* [Exercise input]:
···

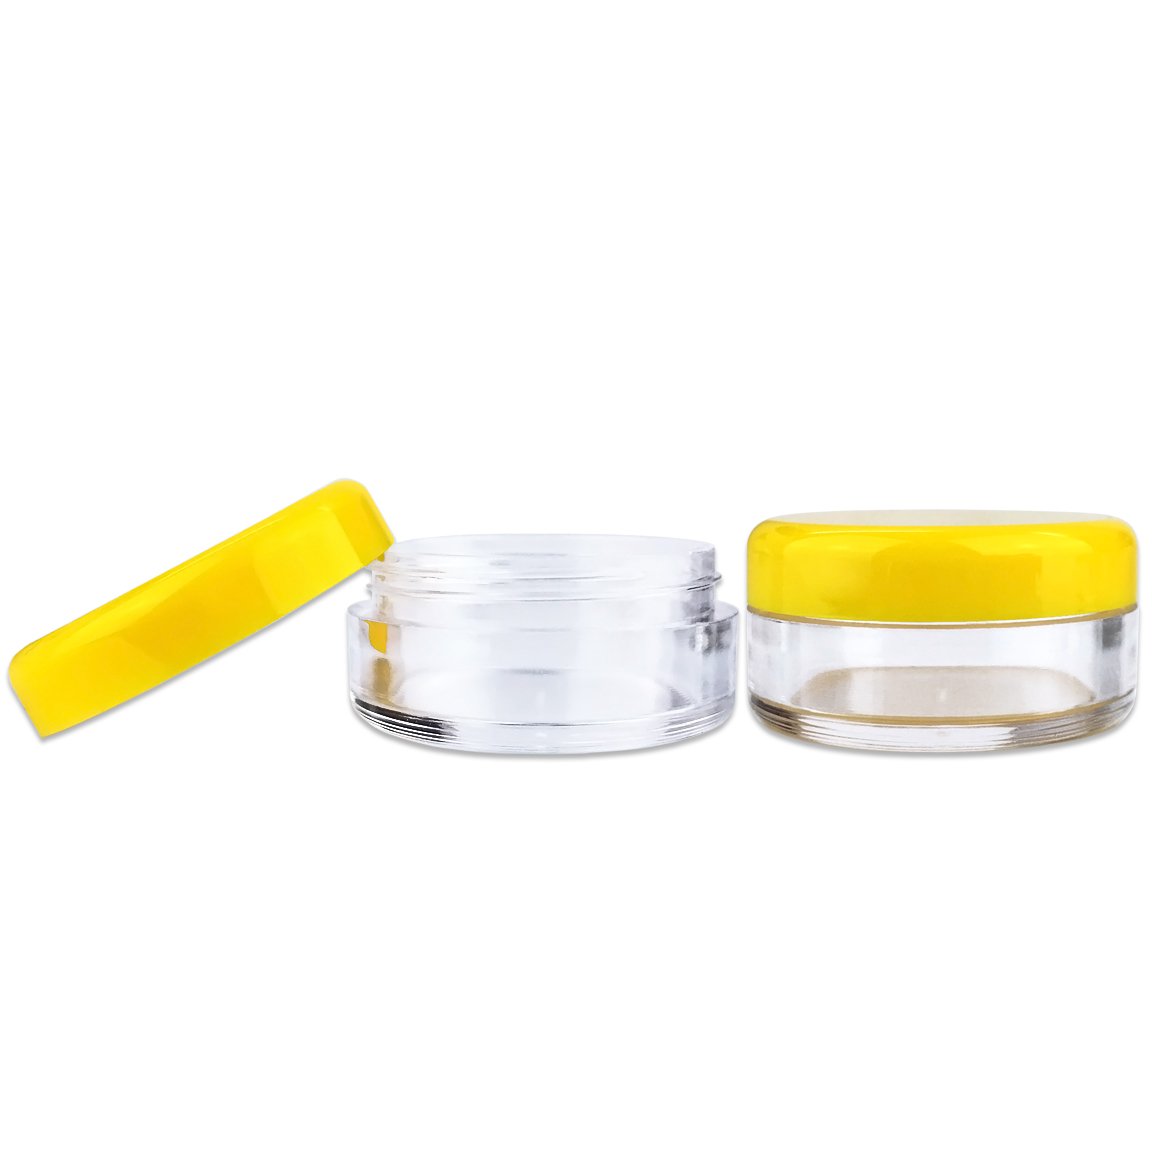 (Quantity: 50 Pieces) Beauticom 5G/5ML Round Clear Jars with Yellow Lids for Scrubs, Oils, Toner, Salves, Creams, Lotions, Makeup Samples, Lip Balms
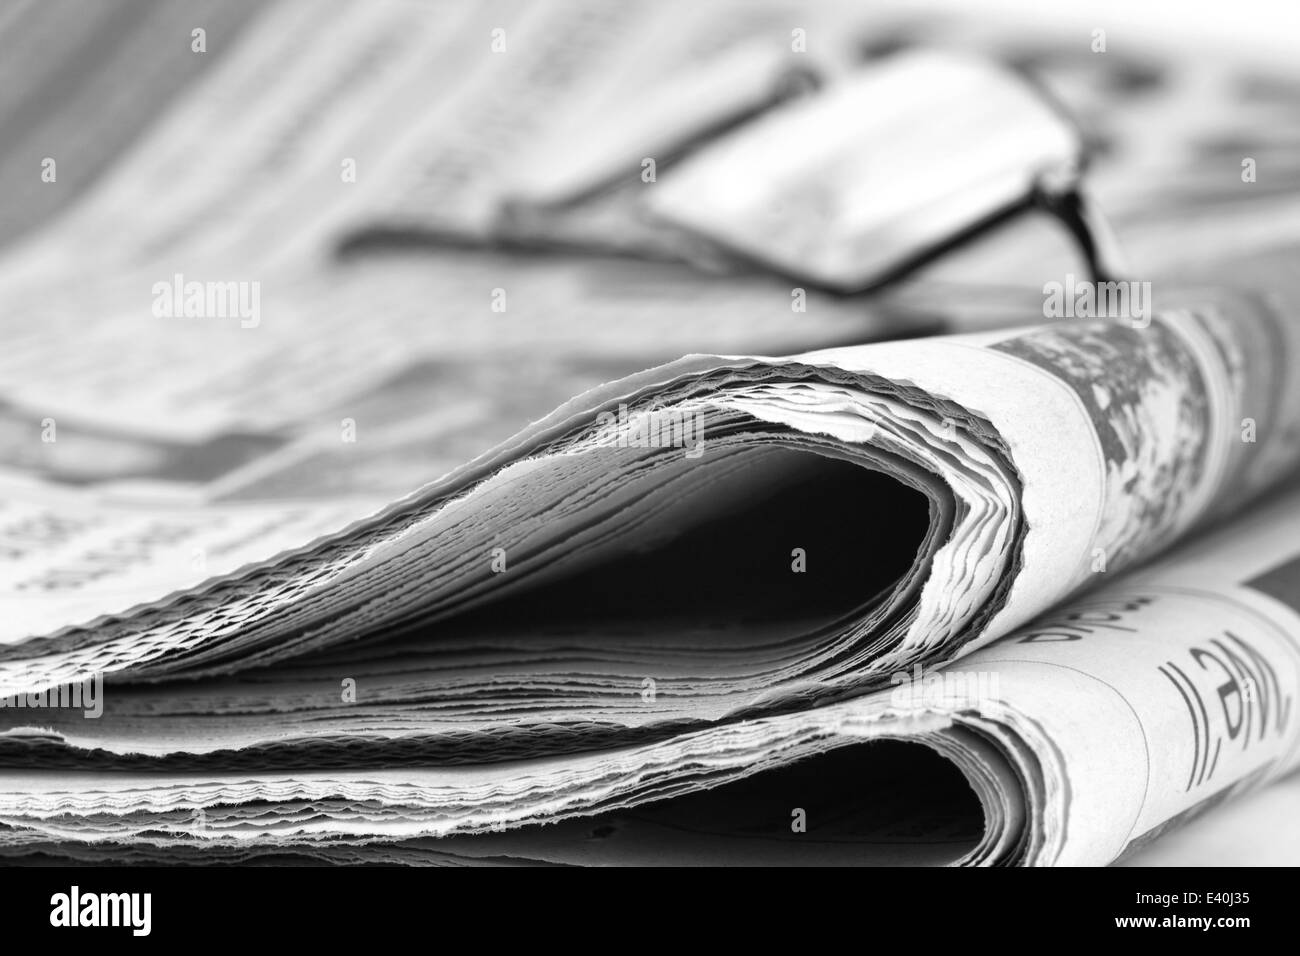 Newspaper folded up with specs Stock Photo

···

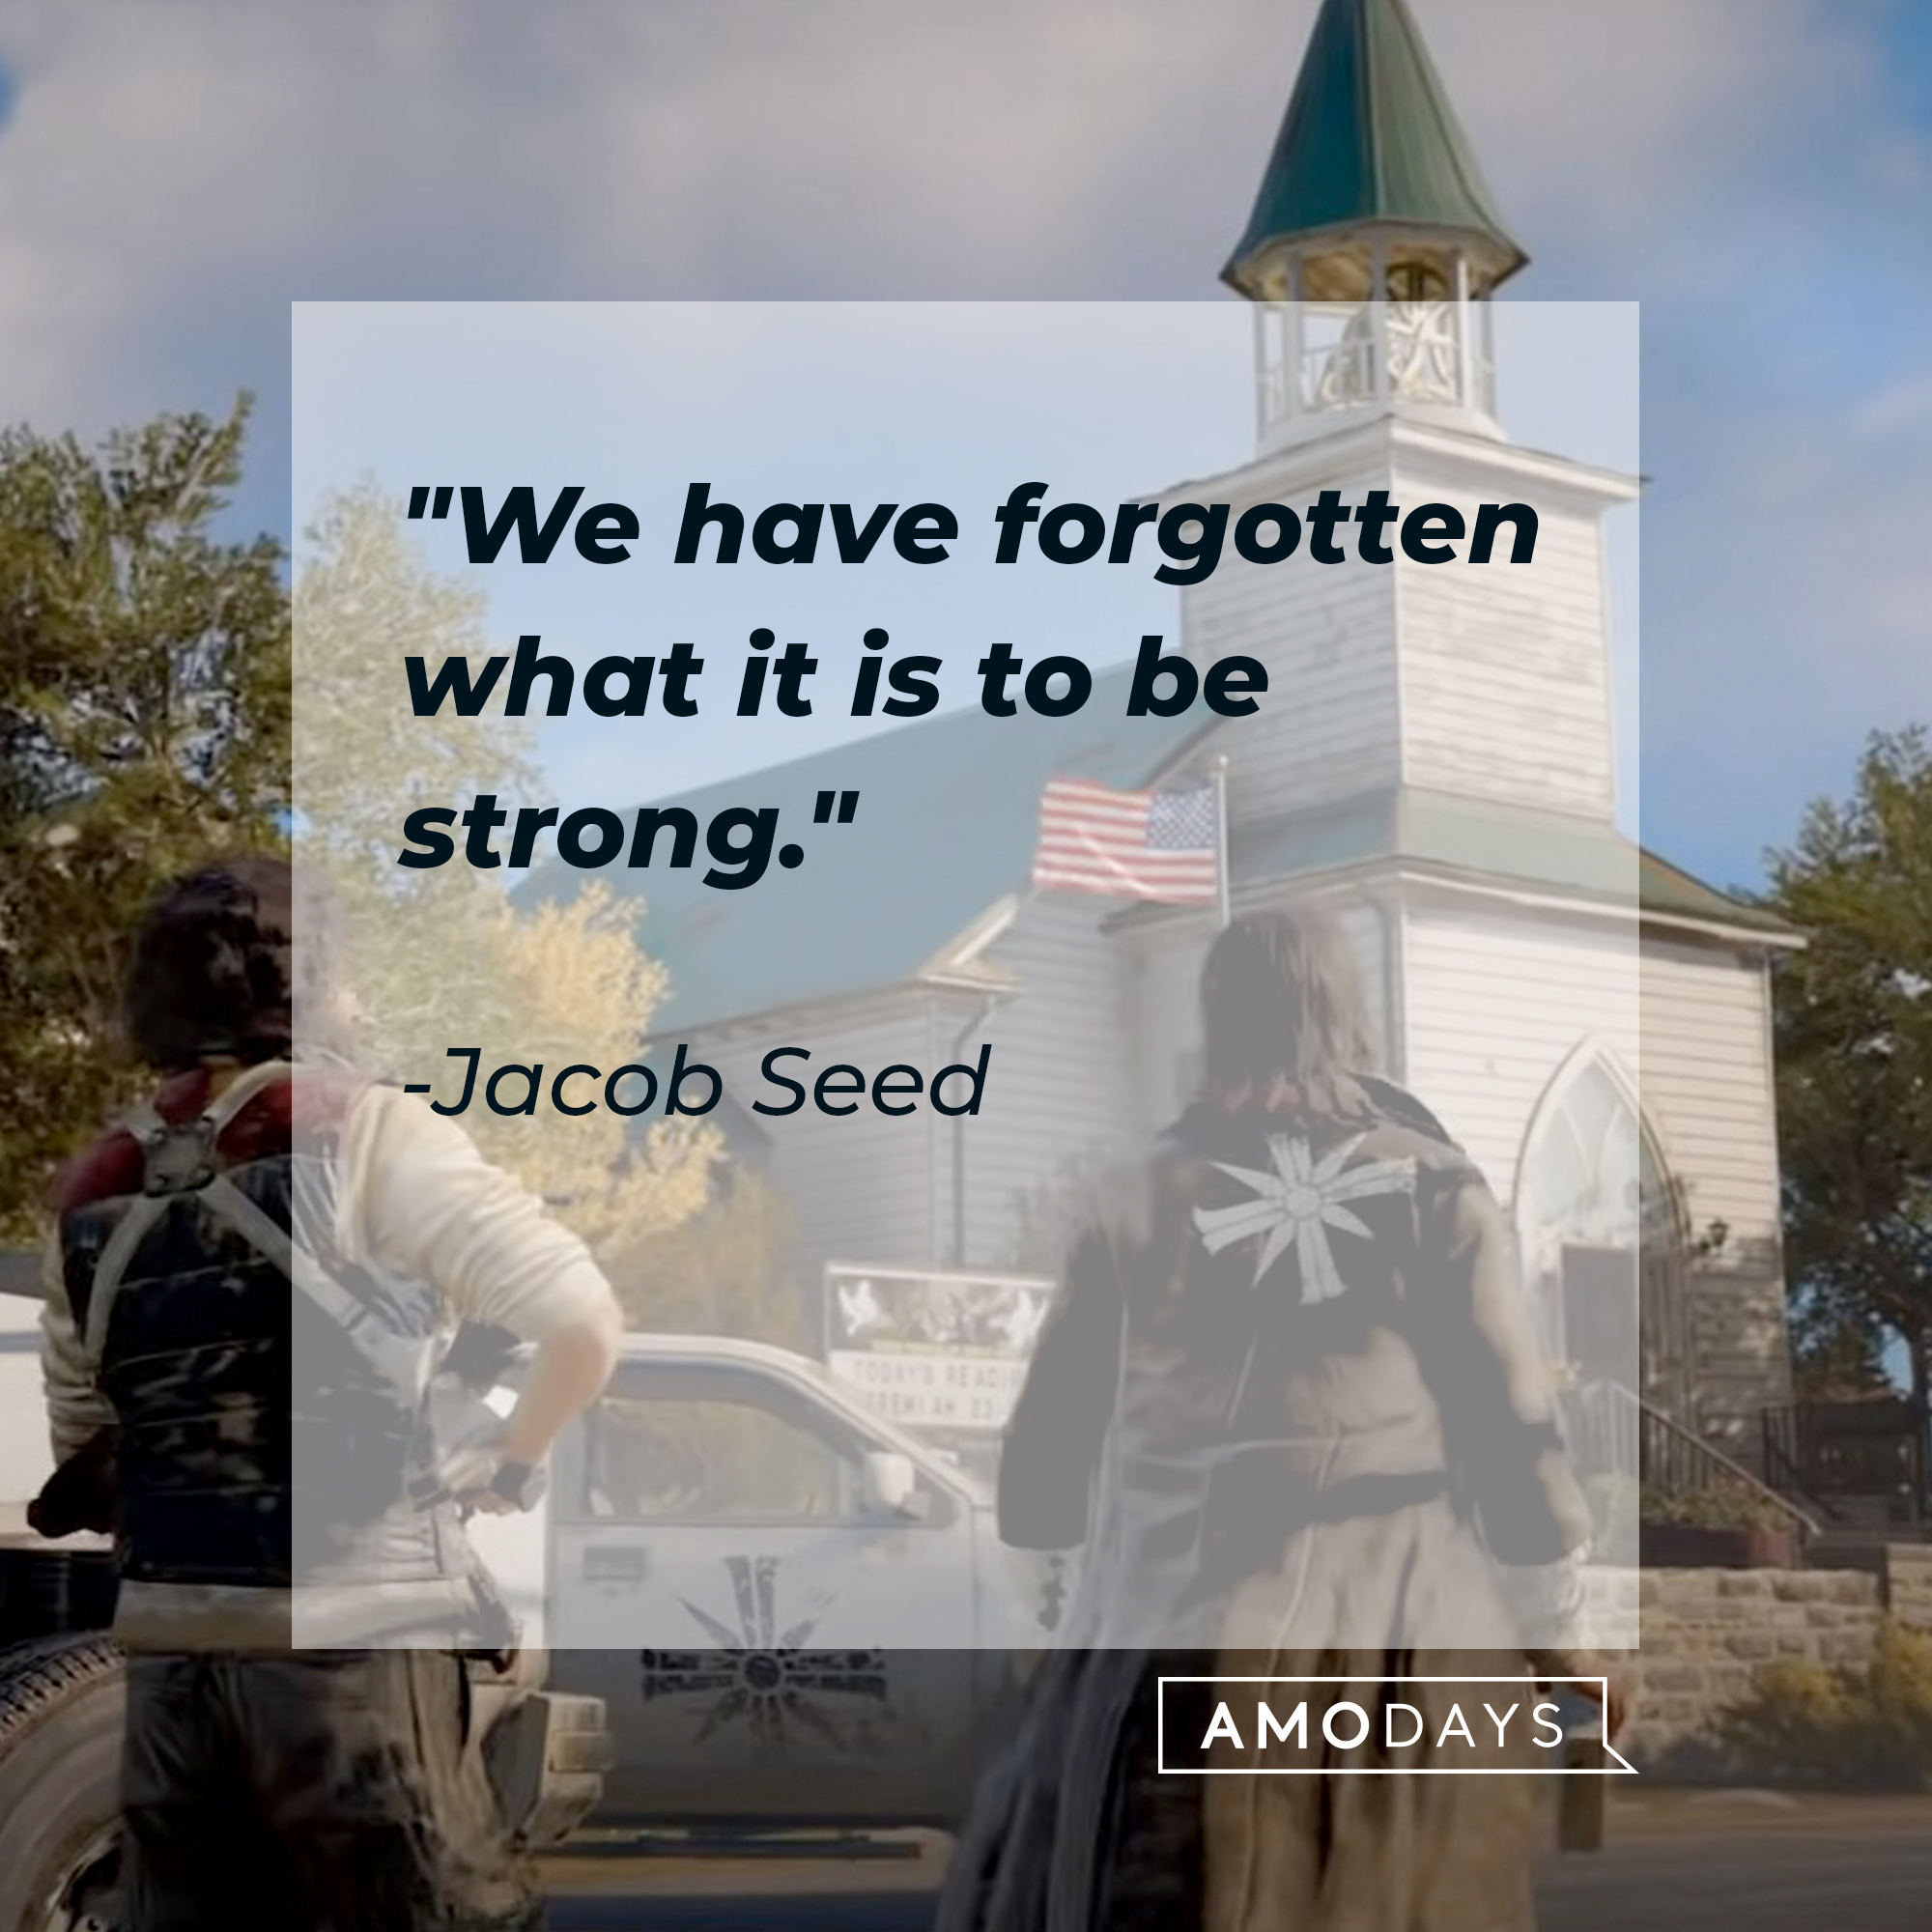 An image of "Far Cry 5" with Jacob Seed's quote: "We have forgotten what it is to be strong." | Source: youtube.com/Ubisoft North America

···

* [What is expected]:
I would like the exact lines from the data above, starting with the one that holds "(Quantity: 50 Pieces)" and going on through the one that holds "Newspaper folded up with specs Stock Photo", without the pictures.

* [Result for this task]:
 (Quantity: 50 Pieces) Beauticom 5G/5ML Round Clear Jars with Yellow Lids for Scrubs, Oils, Toner, Salves, Creams, Lotions, Makeup Samples, Lip Balms
 Newspaper folded up with specs Stock Photo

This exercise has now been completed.